### WORK REQUIRED
Produce a word-for-word copy of the lines from the one that contains "Wedding Recap: The" to the final line of the data below, with all pictures dropped.
══ DATA SHOWN ══
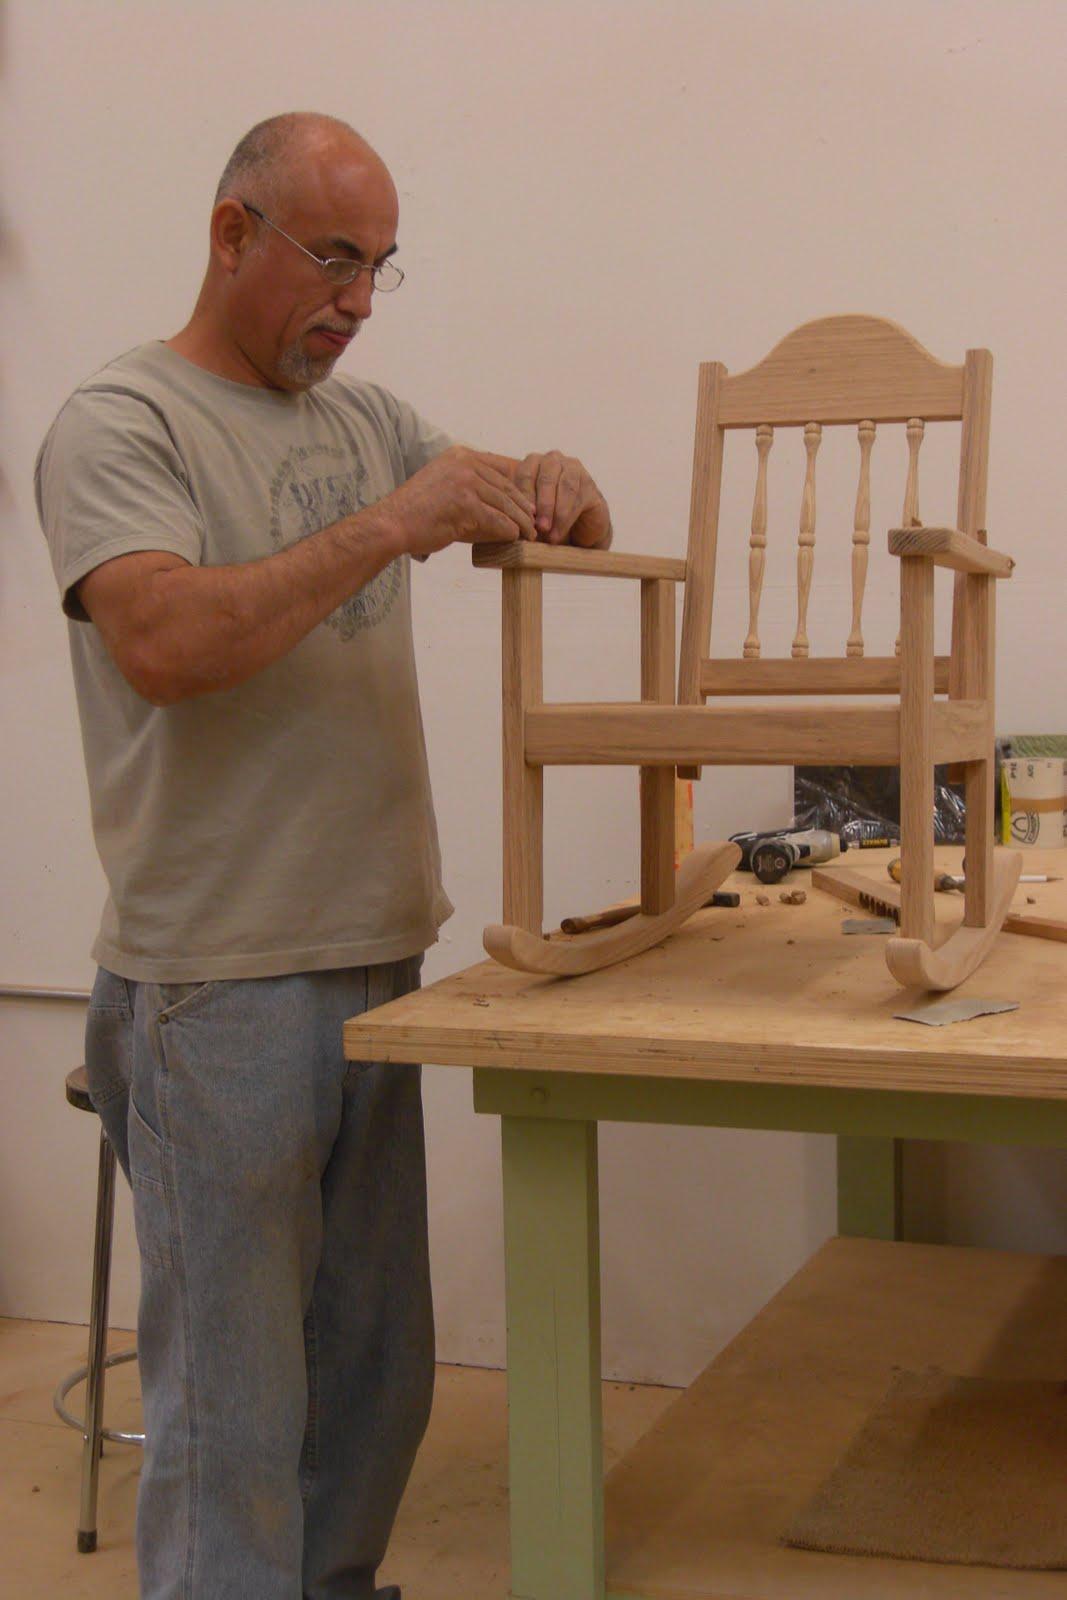 Rocking Chair Woodworking Plans Butterfly Covers Cotton Classes In Las Vegas: Course Descriptions
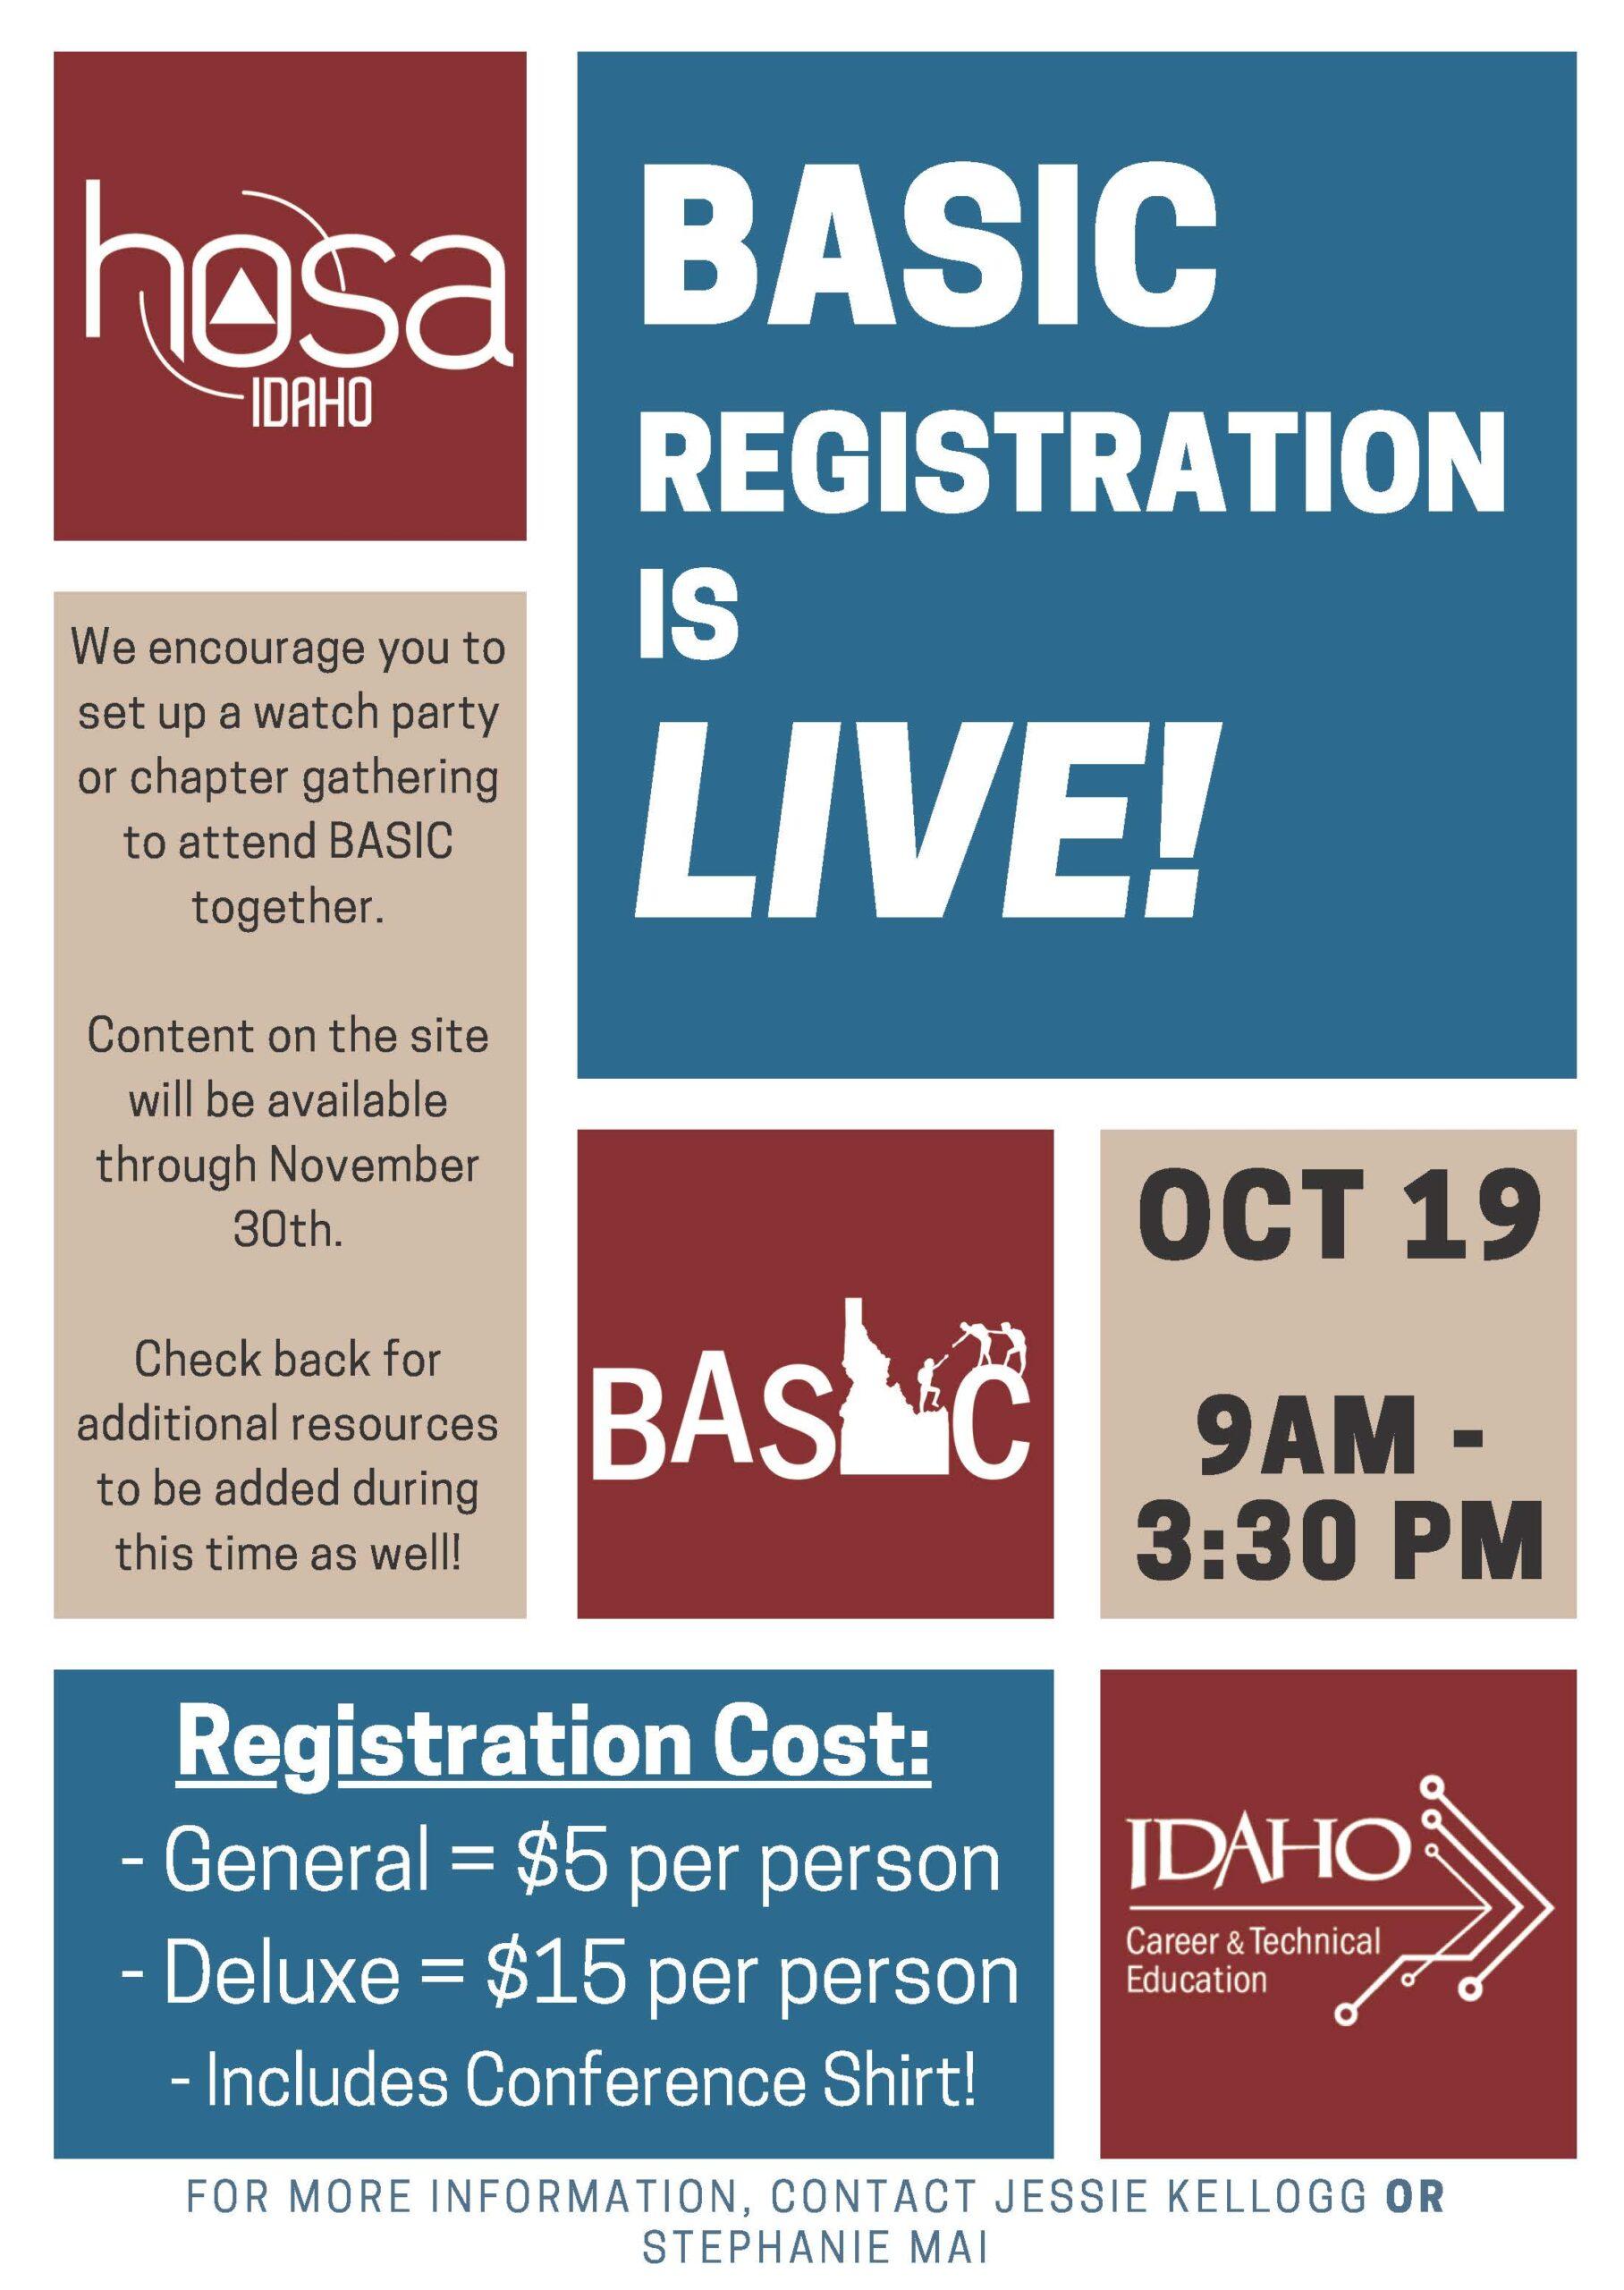 HOSA BASIC Registration Flyer
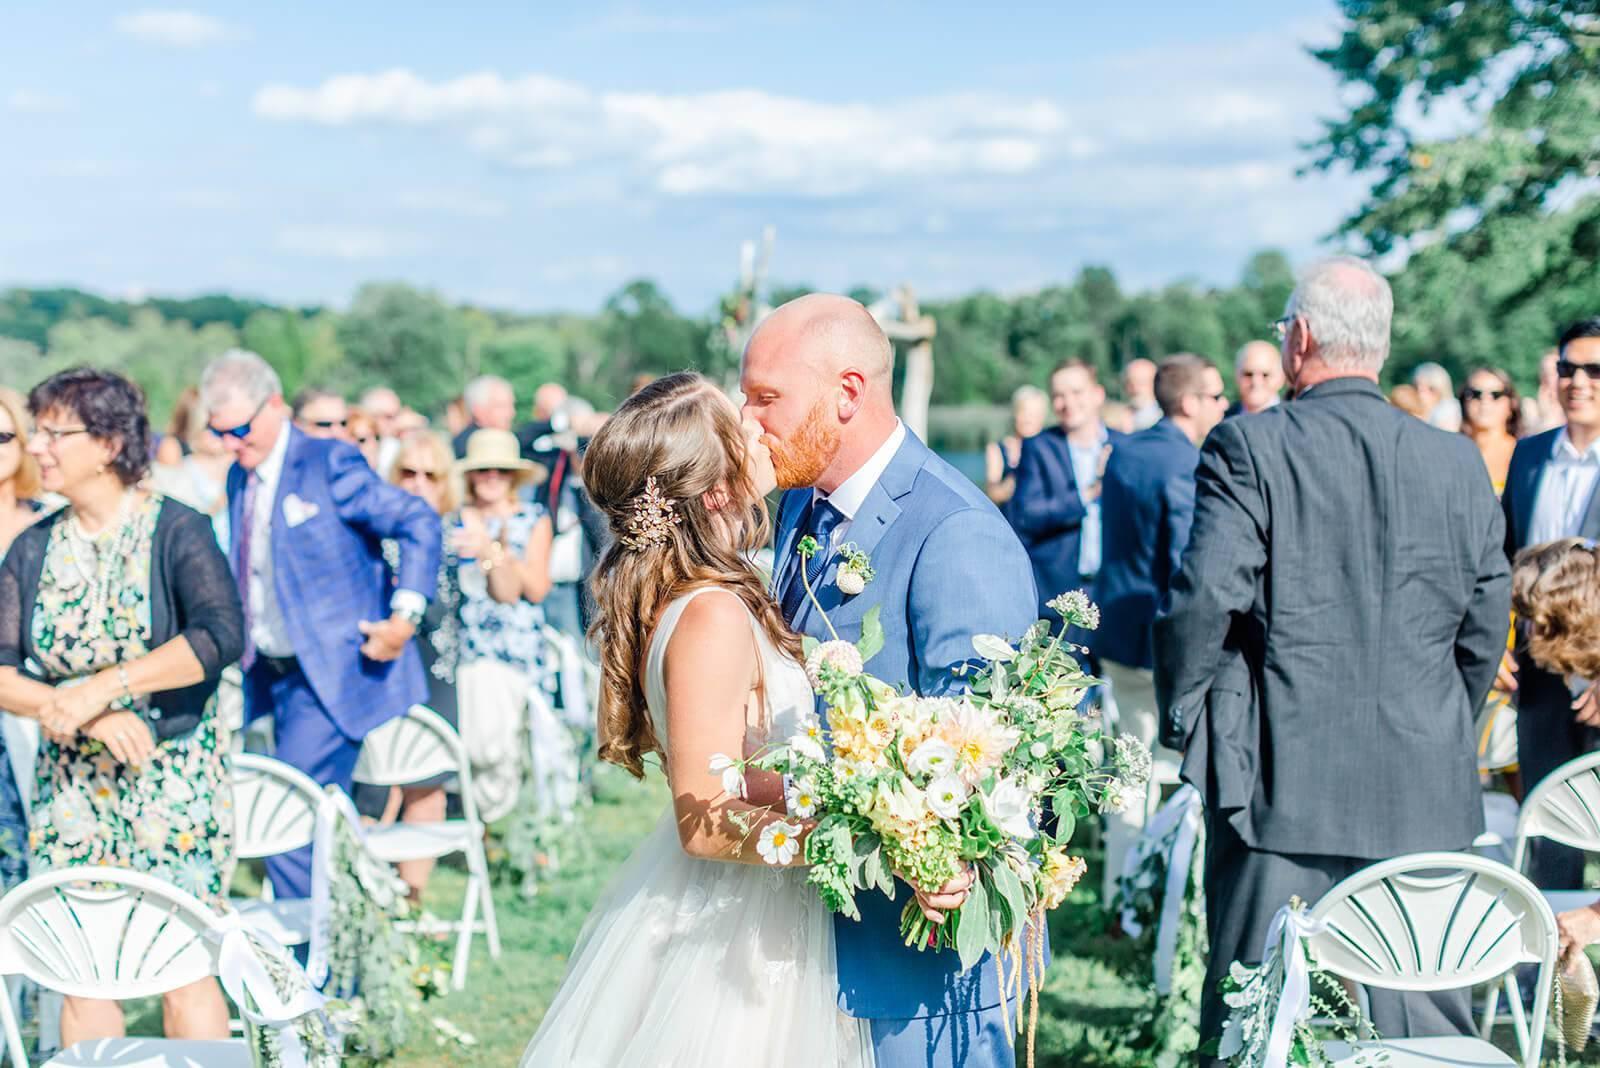 Wedding Recap: The Light and Airy Francis Beach Wedding
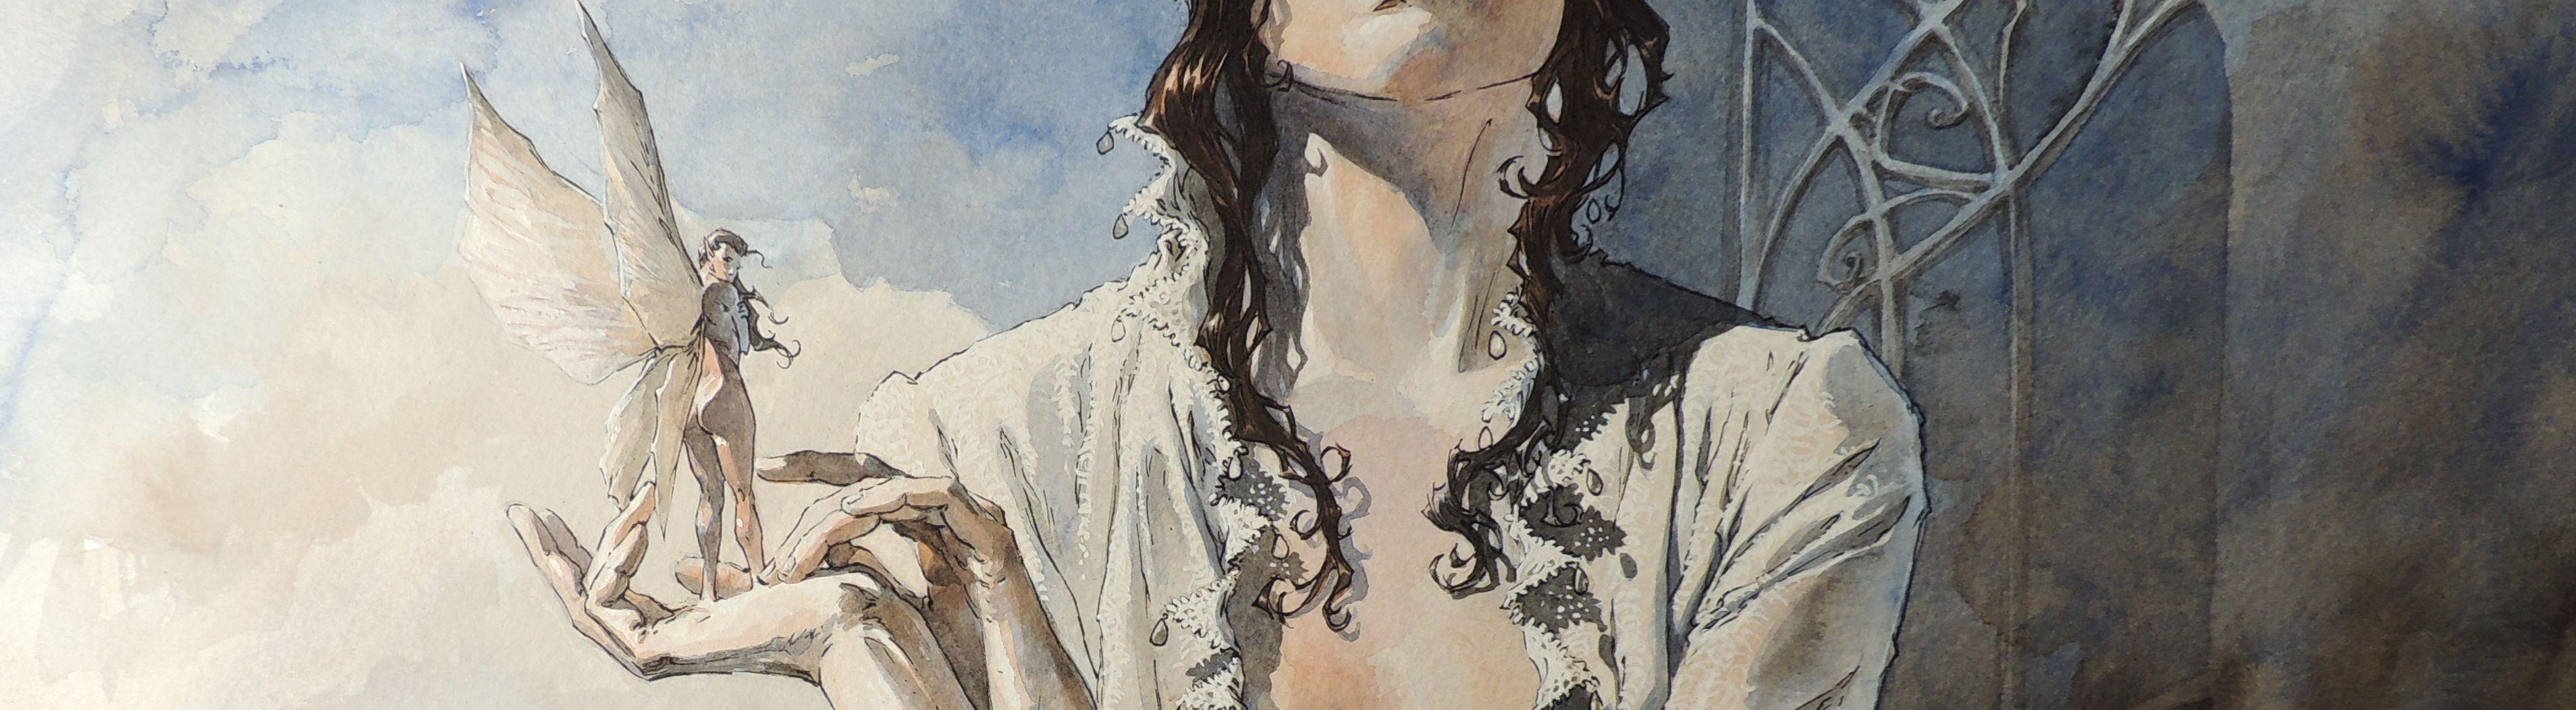 La reine Mab © Guillaume Sorel
═══
### WRITTEN RESPONSE
 Wedding Recap: The Light and Airy Francis Beach Wedding
 La reine Mab © Guillaume Sorel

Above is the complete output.